A model for the biogenesis of turnip mosaic virus replication factories

Romain Grangeon 1, Sophie Cotton 1, Jean-François Laliberté 1,
PMCID: PMC2928320  PMID: 20798828

Abstract

Nicotiana benthamiana plants were agroinfiltrated with an infectious clone of the Turnip mosaic virus (TuMV) that was engineered to tag replication vesicles with either GFP or mCherry fluorescent proteins. Punctuate vesicle structures were observed in the cytoplasm of infected cells corresponding to viral replication factories. The vesicles were highly motile and co-aligned with the microfilaments. Utilization of latrunculin B, an inhibitor of microfilament polymerization, reduced accumulation of the virus, suggesting that microfilaments are necessary during infection. To investigate biogenesis of the vesicles, leaves were infected simultaneously with two recombinant TuMV infectious clones, one that labeled vesicles in red and one that labeled them in green. We observed cell with green only and red only vesicles indicating a single viral genome origin. In some cases, vesicles exhibited sectors of green, red and yellow fluorescence were also observed, demonstrating that fusion among individual vesicles is possible. Based on those results we propose a model for the biogenesis of viral factory, where viral translation and replication are tightly coupled within virus-induced vesicles.

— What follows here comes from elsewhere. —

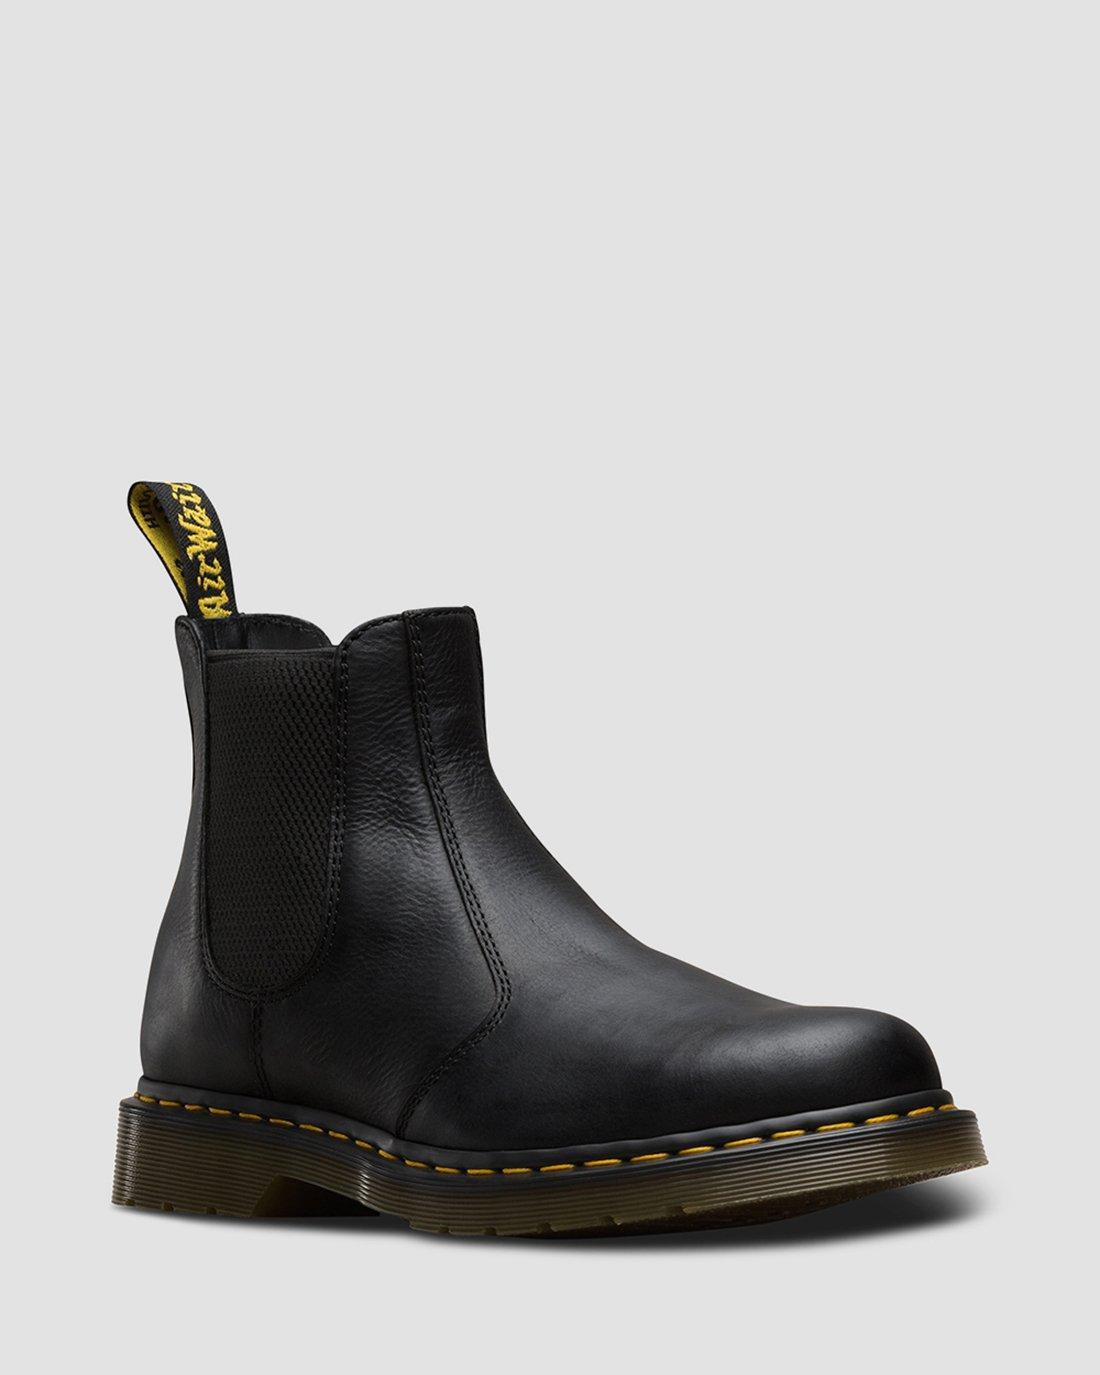 Dr. Martens 1460 Carpathian Boots for Men Black

Key words: plant virus, positive-sense RNA virus, potyvirus, virus factories, viral replication, viral translation, translation initiation factors, vesicle trafficking


Over the past years, a large number of investigations have been devoted to understanding virus-host interactions at the molecular level. Concurrent to these molecular studies, an avenue of investigation at the interface of molecular virology and cell biology has emerged. These studies have shown that animal as well as plant RNA viruses induce substantial cellular remodeling during infection.1 Many of these virus-induced structures are organelles that house the RNA replication complex, and for that reason are given the generic term of replication factories. These factories contain positive and negative strand viral RNAs and the viral RNA-dependent RNA polymerase (RdRp), along with non-structural viral and host proteins. It has been proposed that virus-induced factories increase the local concentration of components required for replication, protect viral RNA from degradation and prevent the activation of host defense functions. Current questions centre on the membrane origins that give rise to the virus-induced factories and the molecular motors as well as pathways that are involved in their trafficking from their site of origin to their final destination. The origin and nature of these virus-induced membrane structures differ according to the virus families.1 In most cases, the modifications involve the formation of spherules, vesicles or multivesicular bodies derived from membranes of the endoplasmic reticulum (ER), mitochondria, peroxisomes, lysomes or chloroplasts. Electron tomography has recently been used for the generation of three-dimensional imaging of Dengue virus- and coronavirus-induced membrane alterations at high resolution. These alterations resulted in a reticulovesicular network of modified ER that integrates convoluted membranes, numerous interconnected double membrane vesicles and “vesicle packets”.2,3 The three-dimensional renderings of these membrane networks show a spatio-temporal platform for the virus replication cycle, and suggest that not only RNA replication but also translation and virion assembly are associated with these virus-induced structures.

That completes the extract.